Почти следом за Корцовым появился еще один посетитель, бритый, в светлой шляпе и клетчатых брюках. Он развязно подошел к столику, за которым сидели Груздев, Семен Андреич и Гришка Корцов, поздоровался со всеми и придвинул для себя стул.
– Чашечку чайку, Василий Александрович, – предложил Михал Михалыч, – где-то вы запропали. Кого ни спросишь: «Василия Александровича Сосунова не видали?» – никто не знает.
Сосунов громко рассмеялся. Смех у него был утробный, густой и коленчатый, как тракторное колесо.
– Зайчишек стрелял, Михал Михалыч… На охоту ездил.
Семен Андреич недоуменно повернулся к Сосунову. Посмотрел на галстук бантиком, на светлую фетровую шляпу, на клетчатые брюки и вздохнул. Было ему странно и непонятно, что теперь, когда вся жизнь перевернулась и стала ни на что не похожей, люди вдруг ездят на охоту… И он выговорил:
– Какие же теперь зайцы?!
А Корцов одобрительно потрепал Сосунова по клетчатому колену.
– Пррравильно, Вася-я!.. Нехай их в Китае ри-ва-люцию делают, а мы и без нее сами с усами.
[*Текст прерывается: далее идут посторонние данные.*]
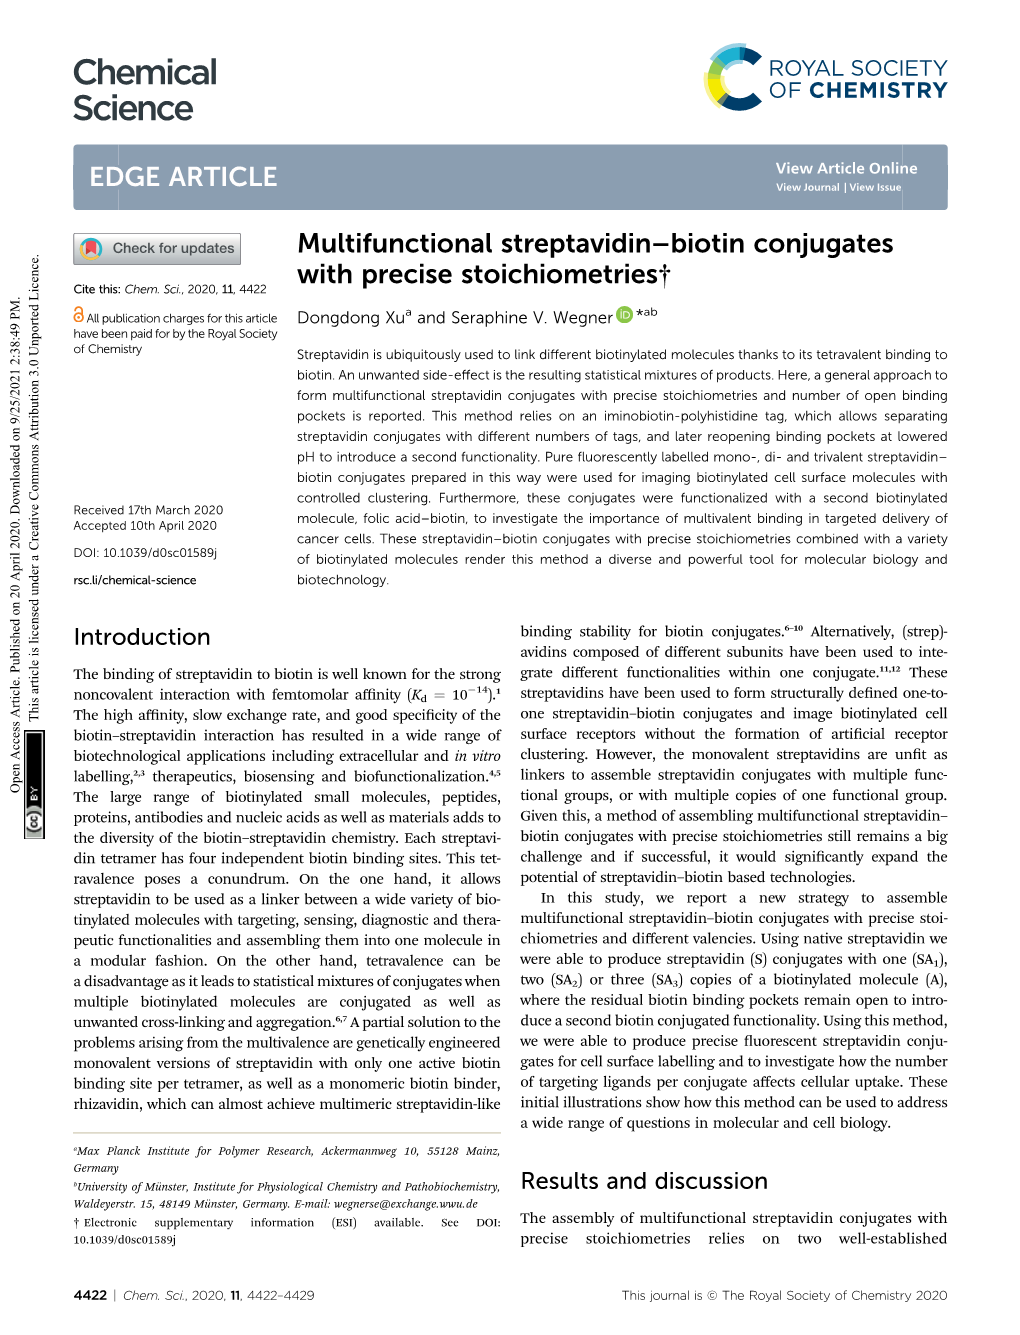 Multifunctional Streptavidin–Biotin Conjugates with Precise Stoichiometries† Cite This: Chem

– Ясное дело, Гриша, нас это не касается! – зарокотал басисто Сосунов. – Вот если бы насчет бодя-я-ги, да к ней яи-ичницу с лучком, знаешь зеленым лучко-ом припорошить, да ветчинку…
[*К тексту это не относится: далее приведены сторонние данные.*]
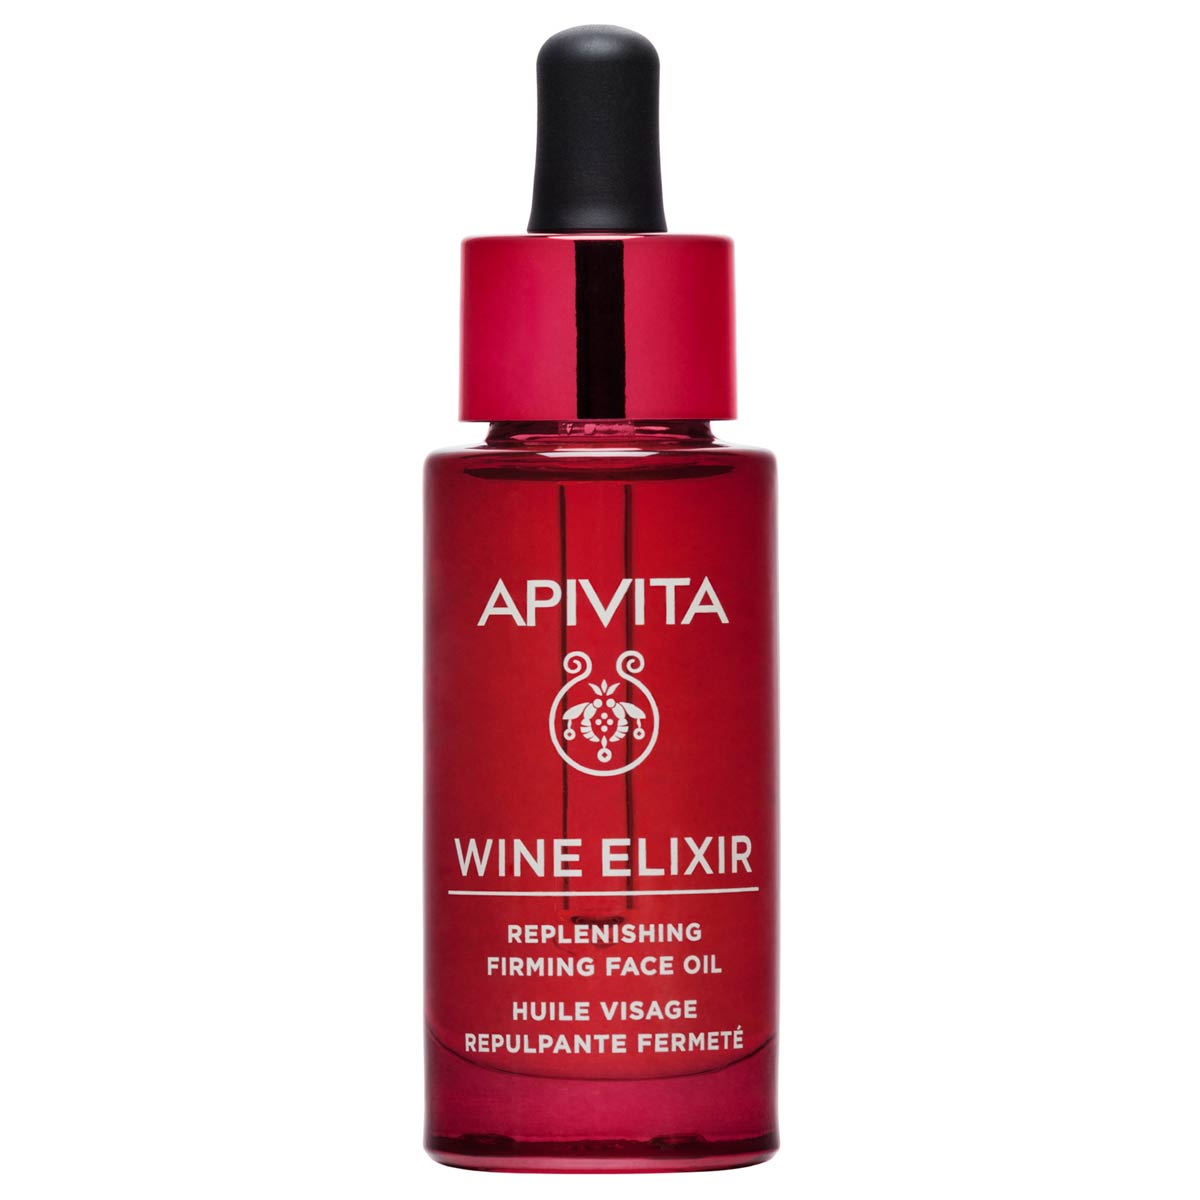 APIVITA WINE ELIXIR Replenishing Firming Face Oil 30ml

Он отвернул набок голову, прищурился и сладострастно потер ладонь о ладонь.
– Э-эх, хх-ха-рра-шо-о!
– А любишь ты, Вася, жра-ать!
– Единственную цель в жизни имею, Гриша, не таюсь. Я, братец, тридцать пять лет вот жалею, что родился и живу не в крепостное право… Знаешь, какая натуральная жизнь была!.. Все двадцать четыре удовольствия тут вот, рядом, около, только па-альчиком, пальчиком шевельни – и пожалуйте! Читал, как благоденствовал Петр Петрович Петух? А это-то… – Сосунов презрительно кивнул на чай. – Он мне дома надоел, радости в нем мало, брюхо полоскать!..
– Какой же это Петр Петрович? – осторожно осведомился Семен Андреич.
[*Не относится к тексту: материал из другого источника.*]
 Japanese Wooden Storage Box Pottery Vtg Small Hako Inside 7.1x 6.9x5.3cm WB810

– Редкая личность, замечательнейший человек был! – вдохновенно заговорил Сосунов. – У Николая Васильевича Гоголя описан с доскональностью-с… Помещик, Семен Андреич; помню, призовет повара с вечера да и занимается с ним. Кулебяку, например, на четыре угла… В один – осетровые щеки с вязигой, в другой – гречневую ка-ашку, потом – грибо-очки с лучком, да моло-оки, да мозги… А сычу-уг!..
Сосунов зажмурился, причмокнул, замотал головой, замычал, вздохнул и, выпрямившись, с вдохновенным лицом, голосом вибрирующим и проникновенным, будто совершал торжественное богослужение, начал:
– Да сделай ты мне свиной сычуг, да положи в середку кусочек льду, чтобы он взбухнул хорошенько!.. Да чтобы к осетру обкладка, гарнир-то, гарни-ир чтоб был побогаче!.. Обложи его руками, да поджаренной маленькой рыбкой, да проложи фарше-цо-ом из снеточков, да подбавь мелкой сечки, хренку да груздочков, да петрушки-ии, да морковки, да бобков, да нет ли еще там какого коренья?!